There are several mysteries in this latest book in Elly Griffith’s Ruth Galloway series, both professional and personal. Ruth is called in to excavate human remains discovered by a roadworks crew, in the evocatively named Tombland area of Norwich. This alerts her to Augustine Seward’s House, close to the cathedral and rumoured home of the Grey Lady – a young girl locked into the house during the plague with her sick parents in order to stop them spreading the virus. Plague sufferers were often barricaded into their homes, but rumours suggest that this young girl was alive long after her parents death and had tried to eat them when she was starving. Another grim discovery is the death of an older woman, found by her cleaner after taking an overdose in her bedroom. A prior case had already caught DI Nelson’s eye because he couldn’t understand why someone suicidal, would put their ready meal in the microwave first. This latest death adds to Nelson’s suspicions, because the cleaner is convinced she had to unlock the room, from the outside. There is also a personal mystery for Ruth, who is clearing out her mother’s things. Her widowed dad has remarried and after several years leaving things as they were, his new wife would like to redecorate their home. It falls to Ruth to sort her clothes and belongings. She finds a box of photographs and is shocked to find a picture of her own cottage – a place her mother never really warmed to. Written on the back is Dawn, 1963, a full four years before Ruth was born. Why would her mother have kept this and why did she never share that she’d been there?

The pandemic is woven so well into the story and Griffiths really captures the disbelief, mental struggles and frustrations of trying to live in this strange time. It was interesting to see characters who are so familiar to us, reacting to something we’ve all lived through. Nelson is sceptical at first, but a few weeks later as wife Michelle ends up locked down with her parents in Blackpool, will he cope with living alone? Ruth takes lockdown in her stride, trying to juggle home schooling, lectures via Zoom and supporting her students. Griffiths weaves in the story of those students who haven’t been able to go home and are isolated in halls of residence, including one young man who is very interested in Dr. Galloway. Judy is as practical as ever, but surely this is the sort of crisis her partner Cathbad is ready for? Druid, wizard and all round mystical being, Cathbad is teaching yoga in the morning and has a pantry ready for any crisis. I felt quite tense though, waiting to see how COVID would affect these characters I love and worrying for them. Nelson’s team are struggling to investigate their case with the restrictions in lockdown, but the case is still fascinating with a lot of red herrings to muddy the waters. I loved how this mystery really looks at mental health and how difficult life events can leave us vulnerable to those who would prey on us. All the possible victims are women, live alone and have faced difficulties in life such as the loss of a partner. It also seems that all have been to weight loss groups, but is that a clue or a sad indication of the modern pressures of being a woman?

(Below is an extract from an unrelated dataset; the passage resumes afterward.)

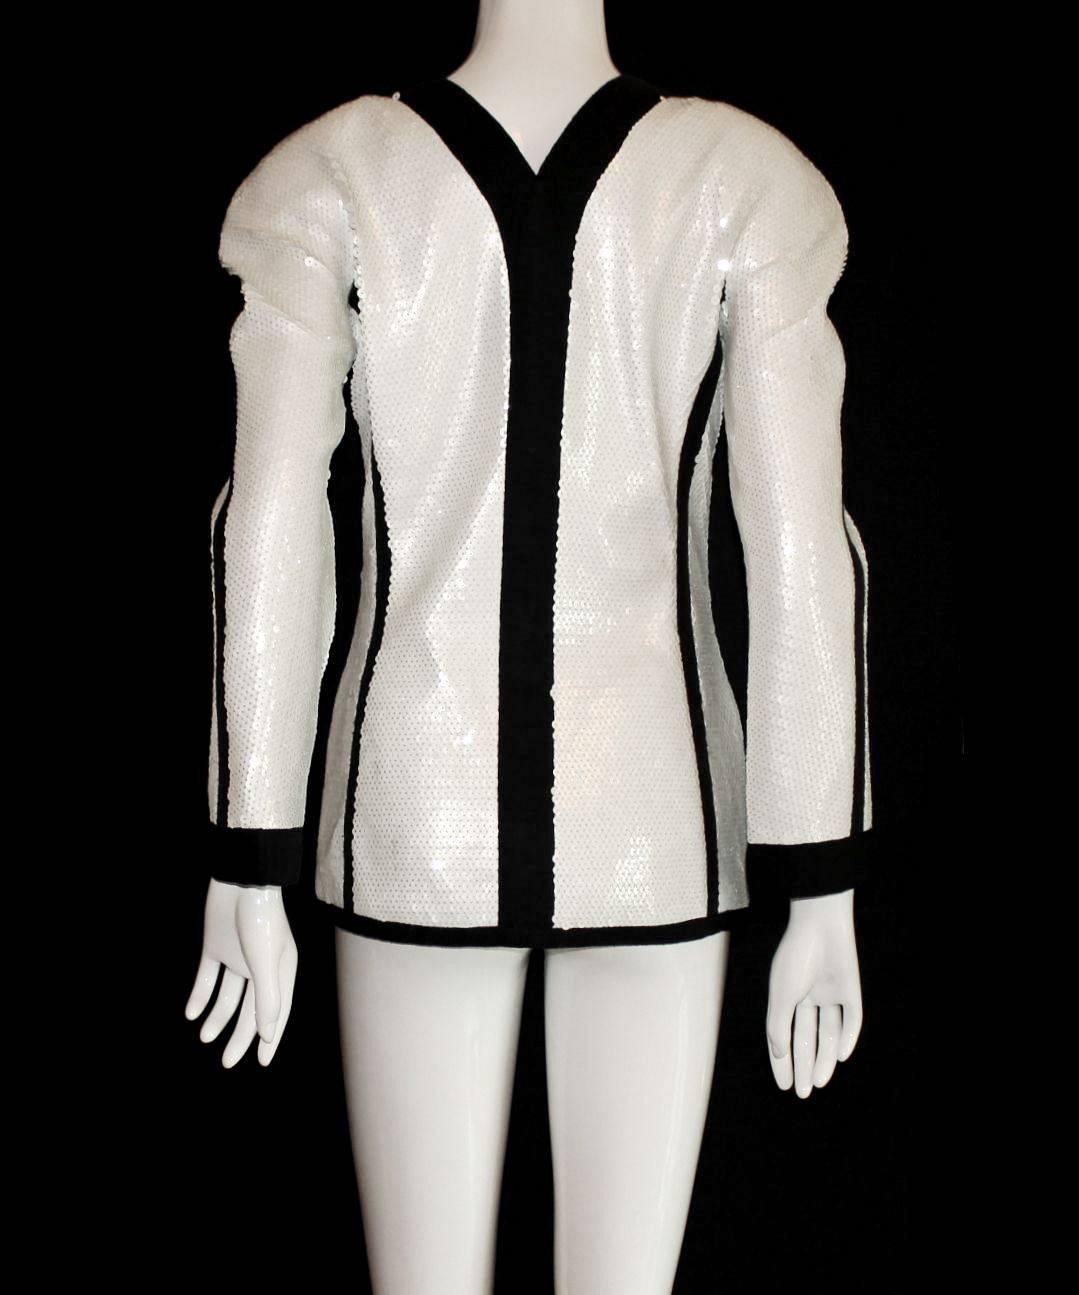 Beige Rare Museum Piece 1990s Chanel Sequin Jacket shown at Met Museum 2005 Exhibition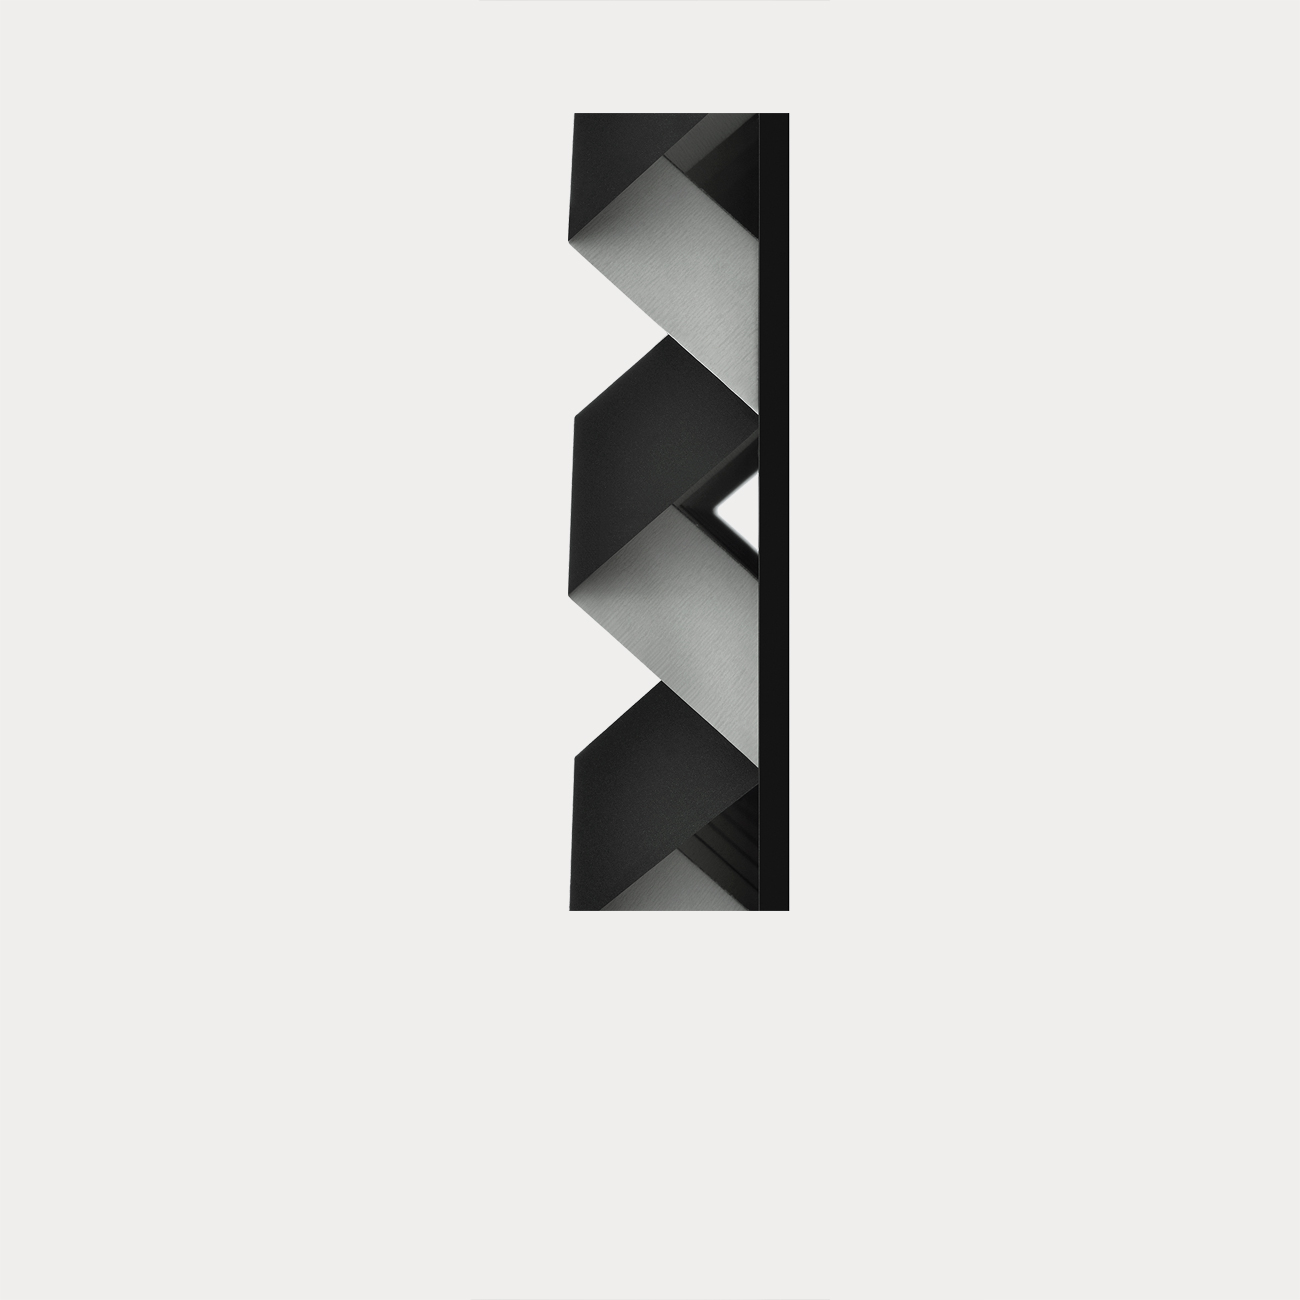 Foldart Paperfold schwarz-weiß. Detail. Basis Acryl, schwarz

The personal mystery of Ruth’s had me hooked even more than the crime this time around. Ruth’s mother had never understood why she wanted to live her life in such an isolated place and there are times during lockdown where Ruth has wondered this herself, especially for Kate who is now 11 and has been totally reliant on the Internet to talk to friends. Ruth’s dad is equally befuddled by the photo she’s found which predates even his relationship with his wife. Ruth keeps wondering why, when she found her cottage, her mother never mentioned seeing it before. Plus, if it wasn’t important, why keep the photo for all these years? Answers come, but they’re unexpected and even life changing. It’s the personal relationships that shine here and the unexpected places and people that bring us comfort. For Judy, used to the ethereal and spiritual Cathbad, it’s her straight talking old sidekick Cloughie who brings the solace she needs from a friend. Ruth is surprised to find she has spent most of her time feeling almost separate from the world. She feels the strangeness of her daily life changes: more time in bed, the different way of working, and the jarring first sight of shoppers queueing outside the supermarket in their masks. Most of her observations are practical changes though and she’s remarkably comfortable, just her, Kate and Flint the cat. In fact the upside has been the lack of other people, the beautiful scenery and wildlife on their doorstep. They even have a new neighbour, who Ruth enjoys getting to know with a socially distanced glass of wine each evening separated by the garden fence. They can walk together on the beach and do Cathbad’s daily yoga, making them feel a connection rather than isolation. Nelson however is completely alone with only his dog Bruno for company. Used to a house run by Michelle and the rough and tumble of young son George he’s strangely lost and finds himself drawn mentally to the cottage on the coast and his other family.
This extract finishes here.